Определяющей идеей всей средневековой культуры была вера в бога, являвшаяся для человека первым и последним постулатом познания и практической ориентации в мире. Эта вера в качестве высшей истины определила систему тех научных представлений о мире и философско-этических норм, которые принято называть «картиной мира» средневекового человека. Применительно к восточному средневековью вера выступала в качестве некоторой внешней, символической, знаково-языковой формы познания человека и мира. Последний момент в мировосприятии средневекового человека особенно наглядно проявился в преимущественном развитии математического мышления и, в частности, наиболее образных представлений, тяготеющих к алгоритмизации и формализации. Историками науки доказан приоритет региона в создании алгебры.
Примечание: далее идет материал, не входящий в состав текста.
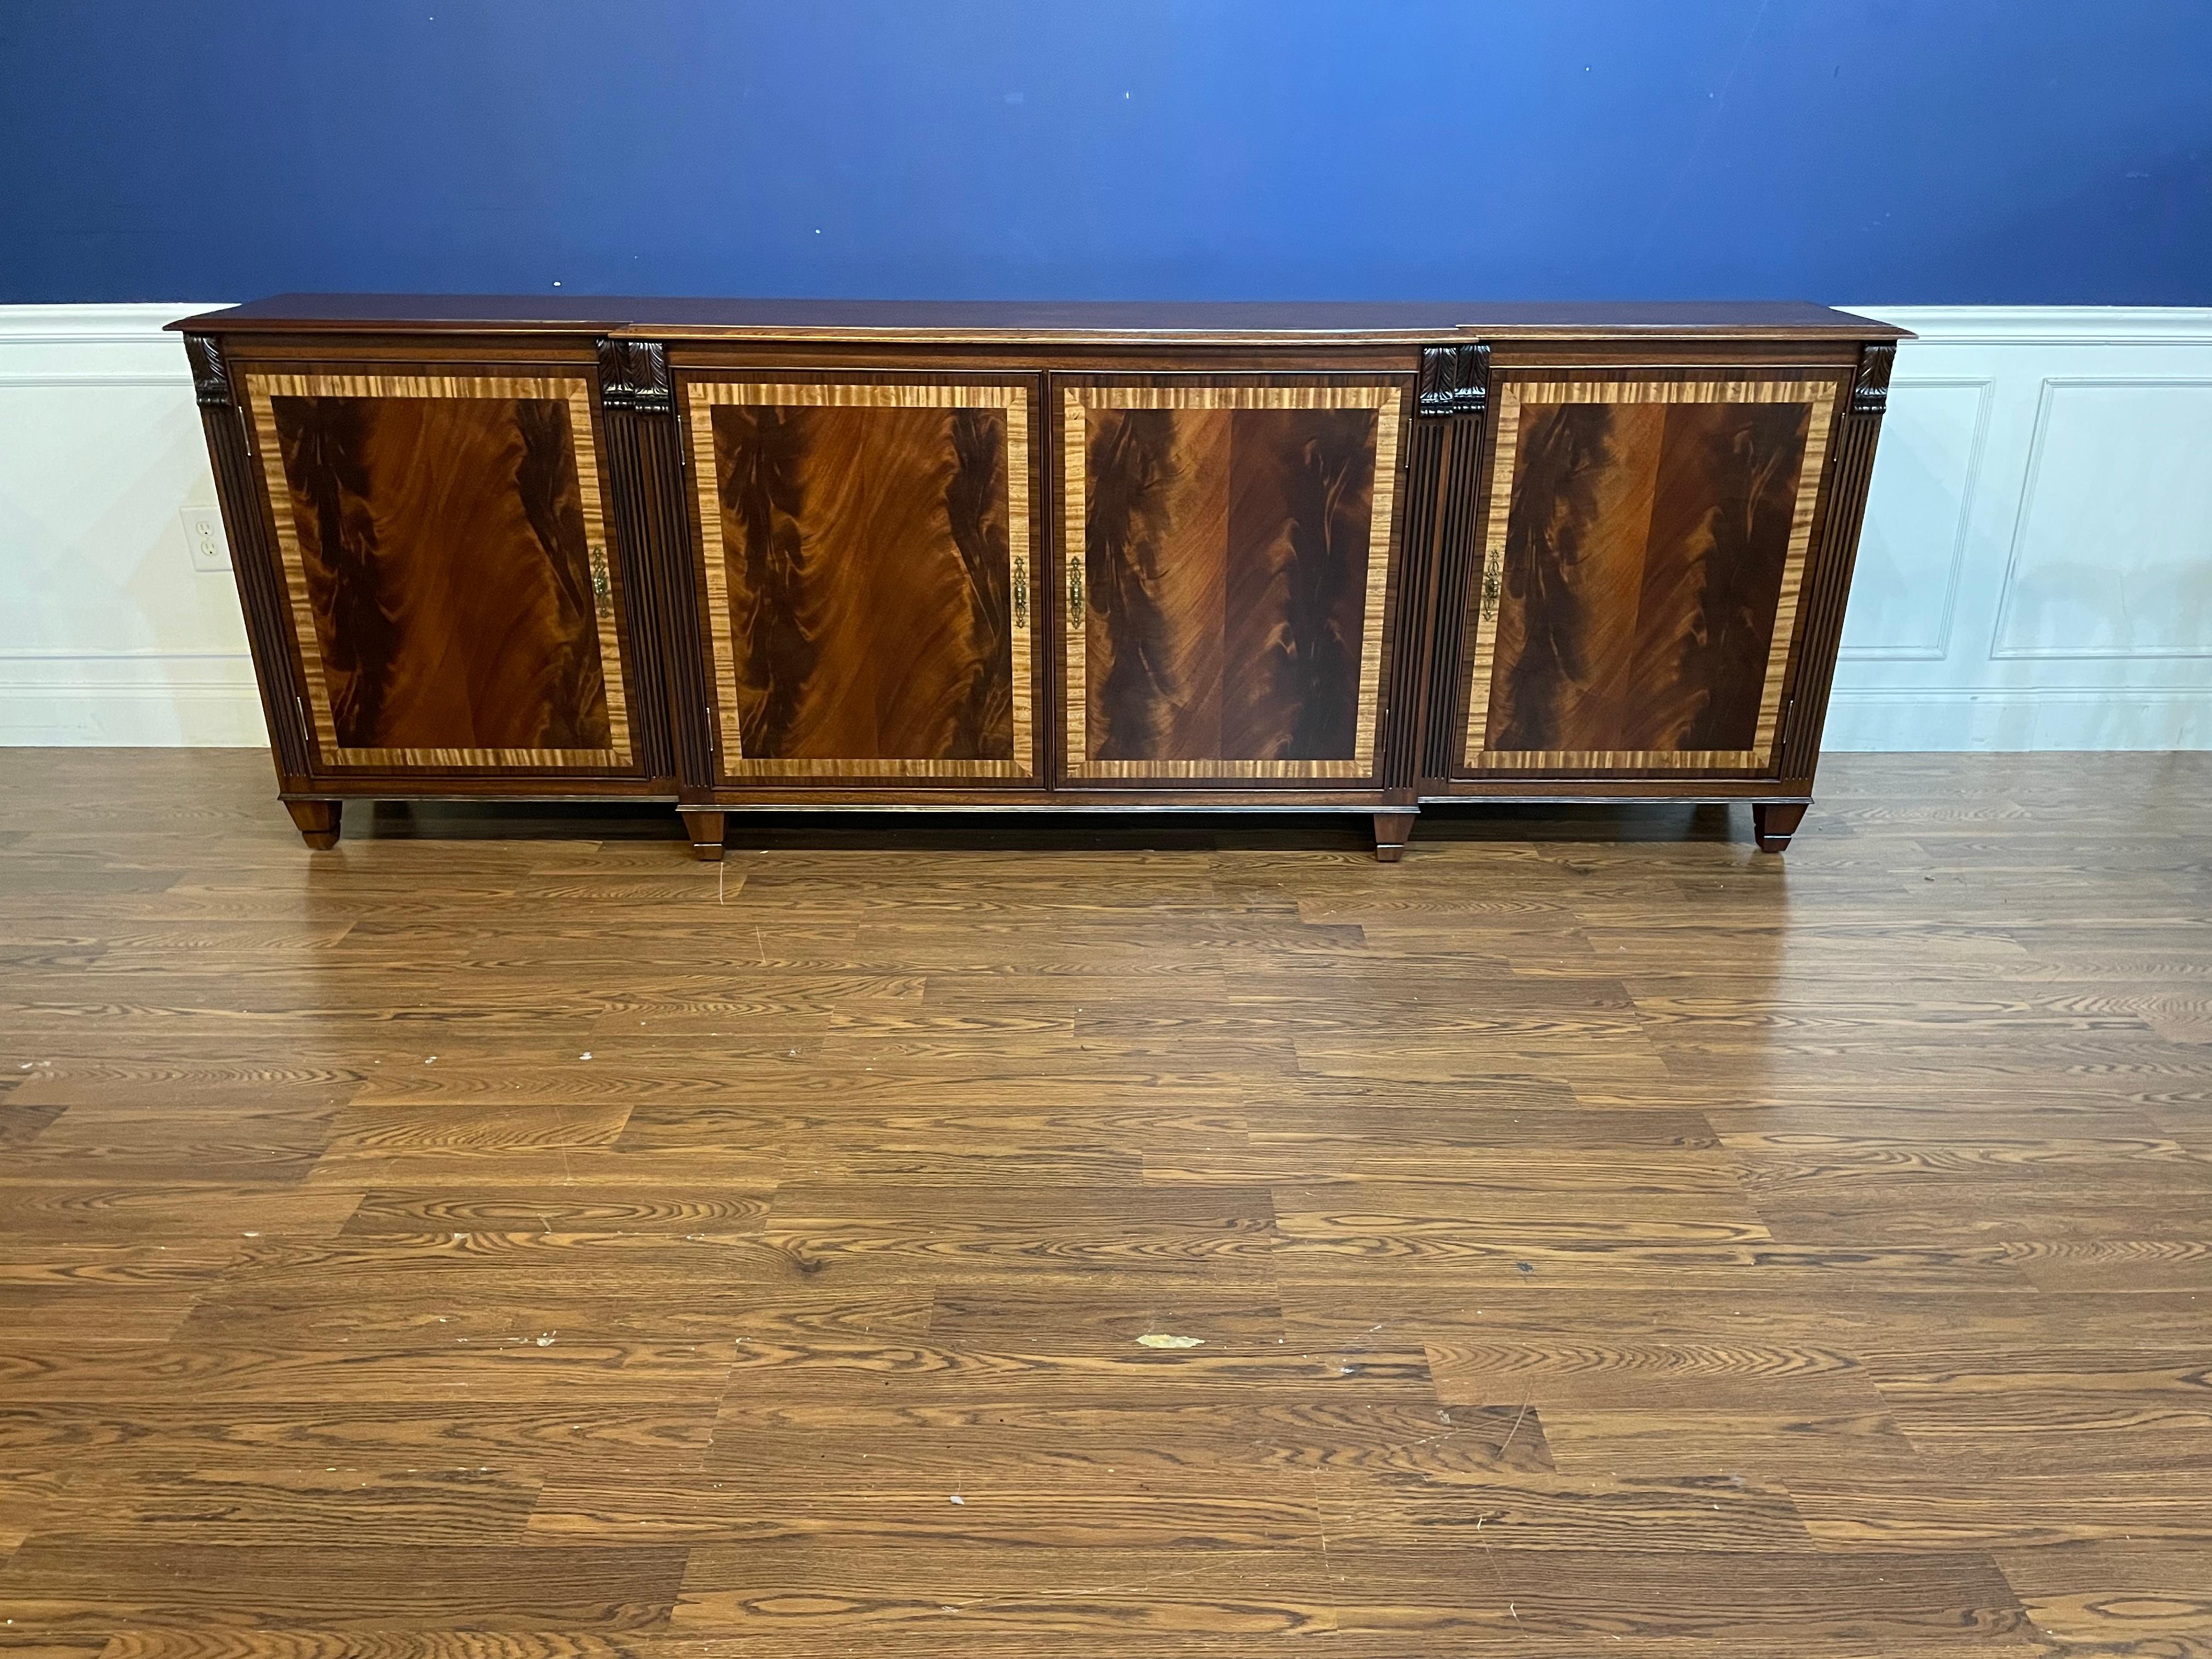 This is made-to-order traditional mahogany four door buffet or credenza made in the Leighton Hall shop. It features four doors with reverse-slip-match swirly crotch mahogany fields and Satinwood and Santos Rosewood (Pau Ferro) borders. It has a
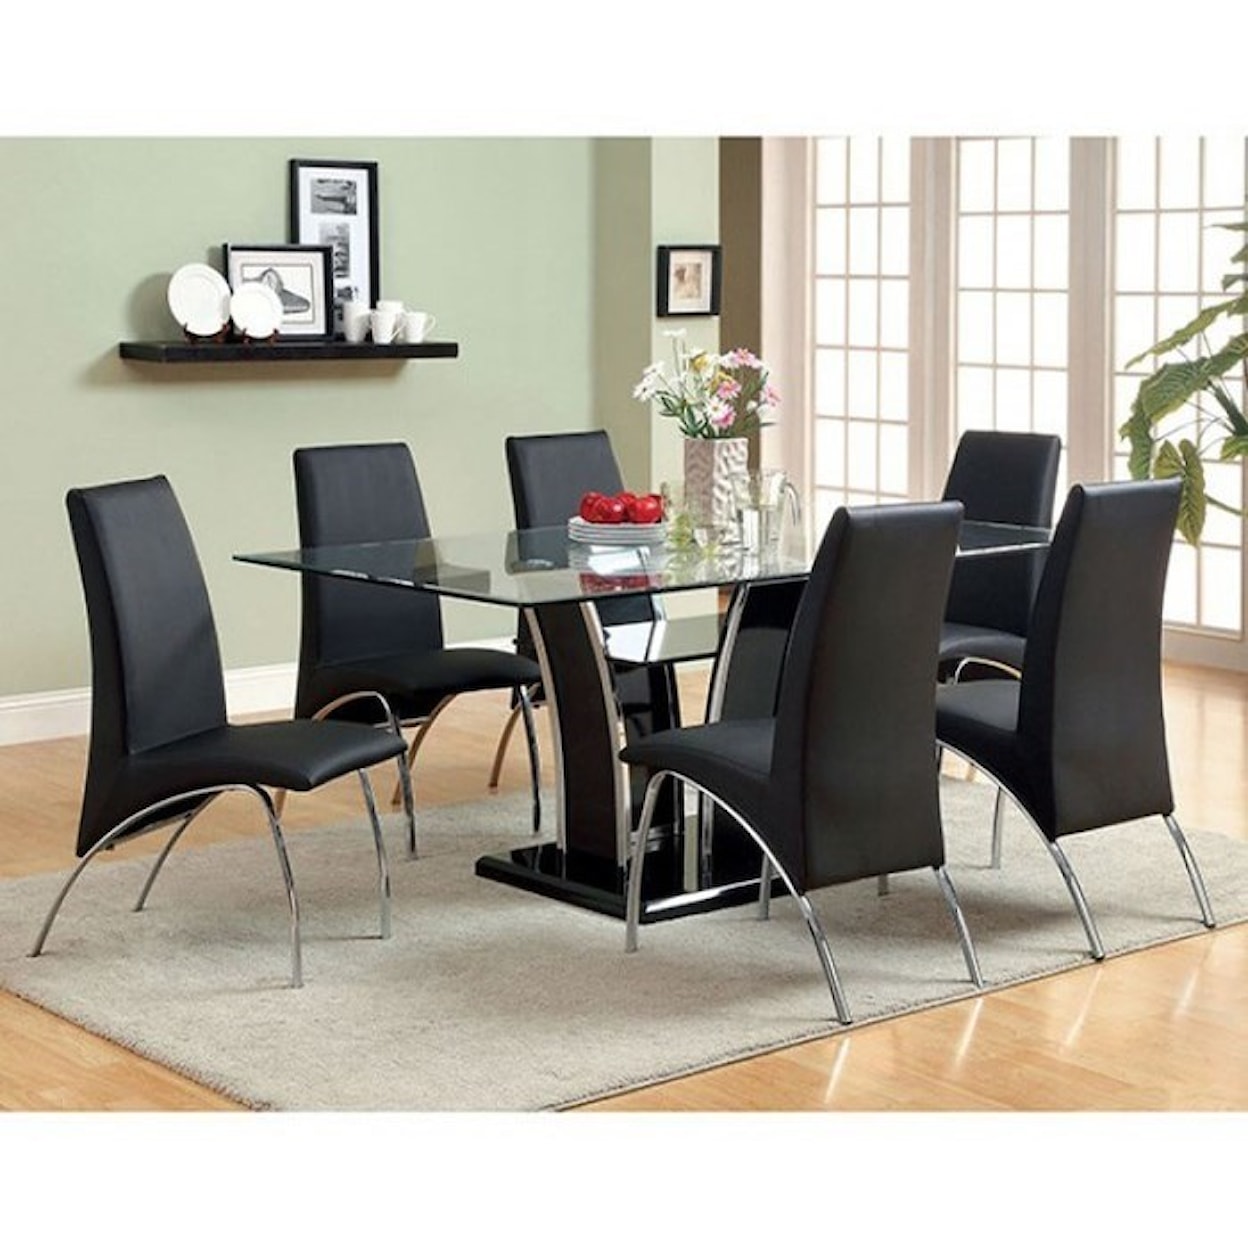 FUSA Glenview Dining Table

В культуре, наряду с магистральной линией развития, могут существовать явления, объединяемые термином «паракультура», – это и продукт культуры, и реакция на нее, и выявление потаенных смыслов собственно культуры36. Не только в явлениях «паракультуры», но и в составе средневекового философского мышления проявляется возврат к идее мифического бриколажа, прежде всего в осмыслении общества. Средневековым восточным мыслителям быта присуща «организменная» трактовка сущности человеческого общества и государства, уподобление строения политической структуры анатомии человеческого организма, привлечение различных утопий, выступавших по существу медиативными структурами в познании социальной обусловленности явлений общественной жизни и заменявших исследования самих законов функционирования общества. Так, «невежественные города» аль-Фараби могут быть поняты не только как реализации определенных мировоззренческих форм, но и как персонализация общественных противоречий в форме человеческих пороков и соответствующих мотиваций: «город низости и несчастья», «честолюбивый город», «заблудший город», «сластолюбивый город» и т.д. Диссонансом по отношению к рационалистической традиции восточного перипатетизма выглядит на первый взгляд тяготение художественного мышления эпохи к мистицизму, гиперболизации мира внутренних переживаний человека. За внешним несовпадением скрывалось на самом деле органичное единство в мировоззренческих основаниях целостного мира культуры. Классическая арабская и персидская поэзия широко использовали своеобразный символический язык суфиев, отождествлявших стремление к постижению бога и растворению в нем с любовью, самого суфия – с влюбленными, бога – с предметом любви, экстатическое состояние суфия – с состоянием опьянения.

Фарсоязычная поэзия этой эпохи, представленная целой плеядой поэтических звезд (Омар Хайям, Джалолиддин Руми, Джами, Саади, Хафиз), выработала богатейший иносказательный язык, в котором царили пафос намека, игра аллегориями, двусмысленность, полутона и светотени. Восточную лирику можно воспринимать как в плане интимно-лирическом (тогда образная система воспринимается как патетика, экзальтация), так и в плане сугубо символическом (Философско-эстетическом). Такой способ художественного мышления соответствует рационализму научно-философского мышления и выступает как символический рационализм. Яркой фигурой, воплотившей в своем творчестве метаморфозу рациональности и мистики, был Руми. Тождество научно-философского мышления и эстетического освоения мира в классически ясном виде мы наблюдаем у Омара Хайяма. Великий ученый, ощутивший вечный трагизм жизни и смерти, последовательно развенчал иллюзии потусторонней жизни. Неотвратимость смерти не лишает жизнь смысла, прелести ее радостей: жизнь – высшее благо. «Заземляя» философско-этические размышления на реалии своего времени, Хайям склонен к отчаянию. Мир, в котором ум становится причиной гонений («от мудрости нет в нашей жизни прока и только круглые глупцы – любимцы рока»), в котором судьба щедра только к подлецам, а чистота и благородство должны довольствоваться коркой хлеба, вызывает у поэта желание поскорее выплеснуть горький напиток жизни.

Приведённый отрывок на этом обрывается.